A Woodland Hills woman was ordered to stand trial Monday on charges of vehicular manslaughter for allegedly running over a 13-year-old boy who had just stepped off a school bus.

Joan H. Mills, 59, is also accused of hit-and-run driving for allegedly fleeing the scene of the Nov. 19 accident at the intersection of Oxnard Avenue and Shoup Street that took the life of Matthew Fischer.

At a preliminary hearing in Van Nuys Municipal Court, police testified that witnesses indicated that Mills was traveling at least 40 miles per hour in a school zone and that she ran a red light after shaking her finger at another motorist.

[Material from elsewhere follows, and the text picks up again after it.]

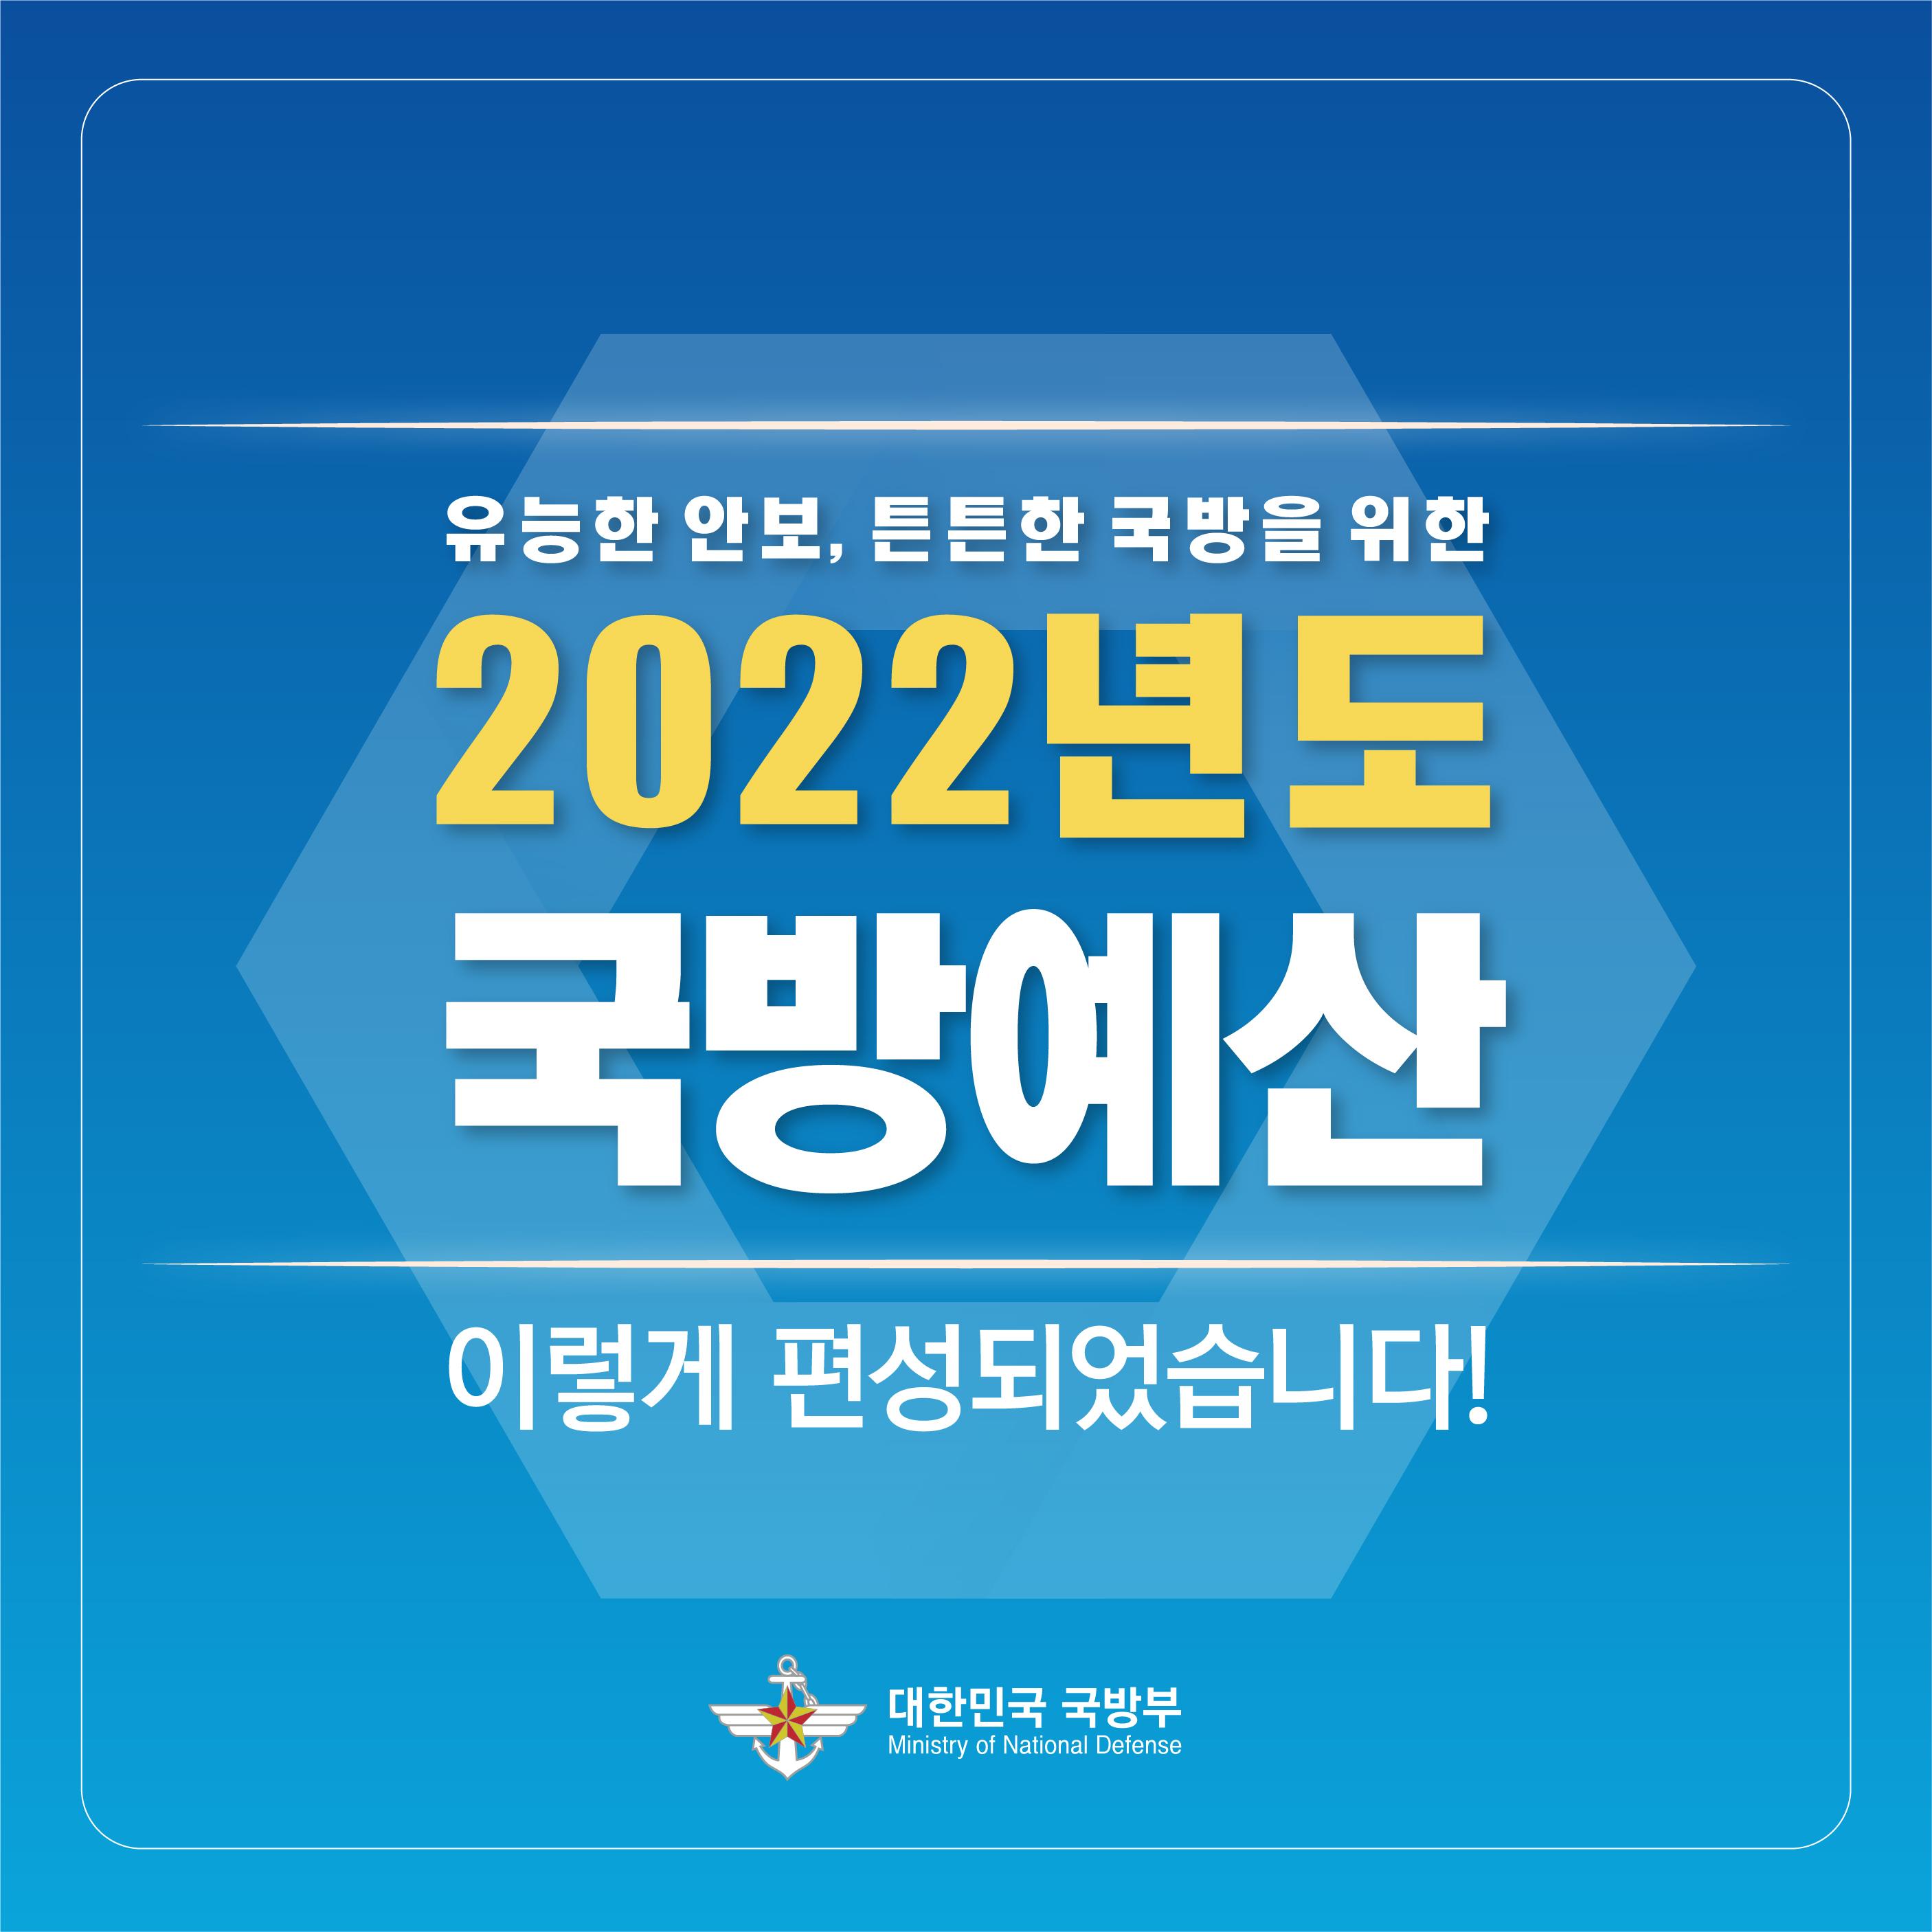 2022 국방예산 카드뉴스 1.jpg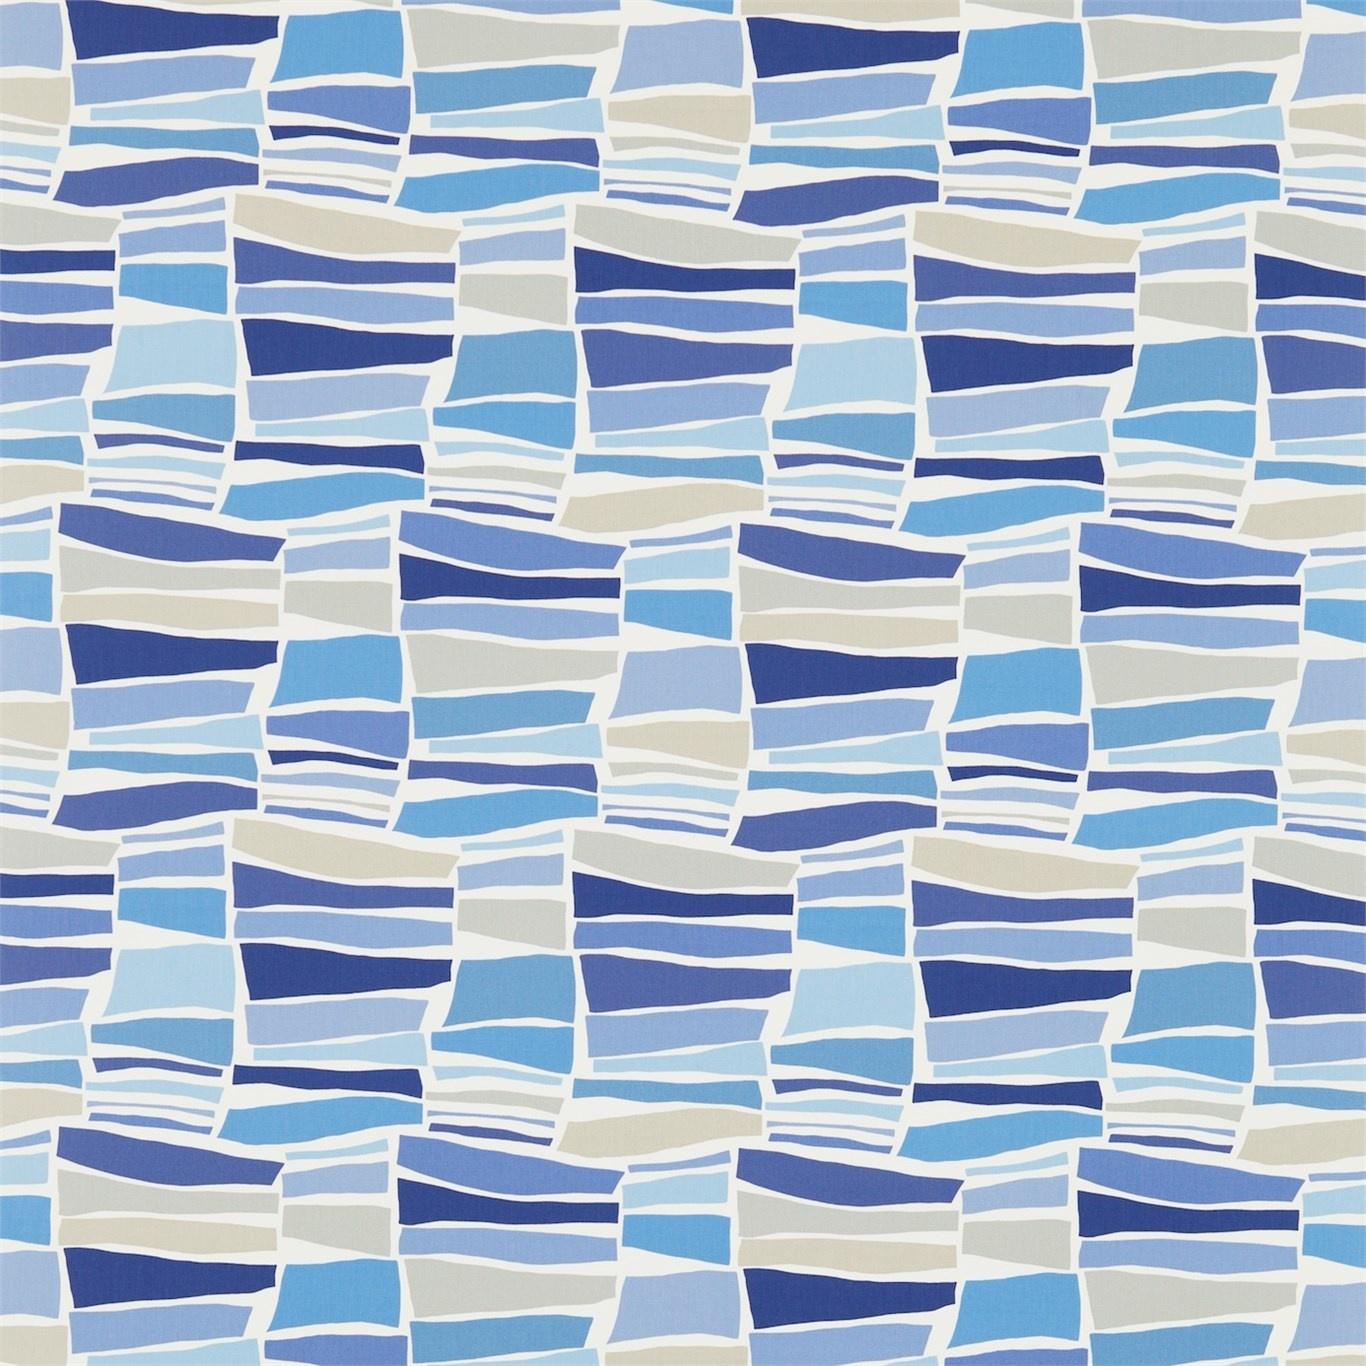 Image of Sanderson Milla Marine/Multi Fabric 224629

Fischer, who was a student at the Sherman Oaks Center for Enriched Studies in Reseda, was crossing Shoup in the crosswalk when he was struck, according to police. He died about 30 minutes after he was hit.

Los Angeles Police Department Officer Ralph Kemptner testified that he spoke with Mills' husband, who had returned to the scene of the fatal accident after his wife allegedly fled, and later went to the Mills' home to examine the woman's light blue Toyota Corolla.

"The damage to this vehicle is consistent with the striking of a pedestrian," Kemptner said, pointing to photographs of dents near a headlight and at the base of the windshield.

The officer said he believes Mills hit Fischer near the right headlight, which threw the boy onto the hood of the car. The dent near the windshield shows where either his head or his elbow impacted.

Sgt. Monte Houze said that when he was taking Mills to the police station, she blurted out: "I thought it was a dog."

But shortly thereafter, Houze said, she asked, "Did he die?" or "Did the little boy die?" Houze said he could not remember her exact words.

Mills' attorney, Mike R. Horwitz of Woodland Hills, declined to comment on the case.

After the hearing, Judge Michael S. Luros expressed condolences to the Fischer family for the tragic accident, and he suggested that they find some small degree of comfort in the outpouring of support that they have received from the community.

The judge said he had received well over 100 letters commenting on the case. In court Monday, the boy's parents, Herman and Carol Fischer, and his younger brother, 10-year-old Cory, were accompanied by half a dozen friends and an equal number of the boy's schoolmates.

Mills, who is scheduled to appear in Superior Court May 23, remains free after posting $15,000 bail.

If convicted of the vehicular manslaughter charge, Mills would face a maximum sentence of six years in state prison. The hit-and-run charge carries a maximum penalty of four years in prison.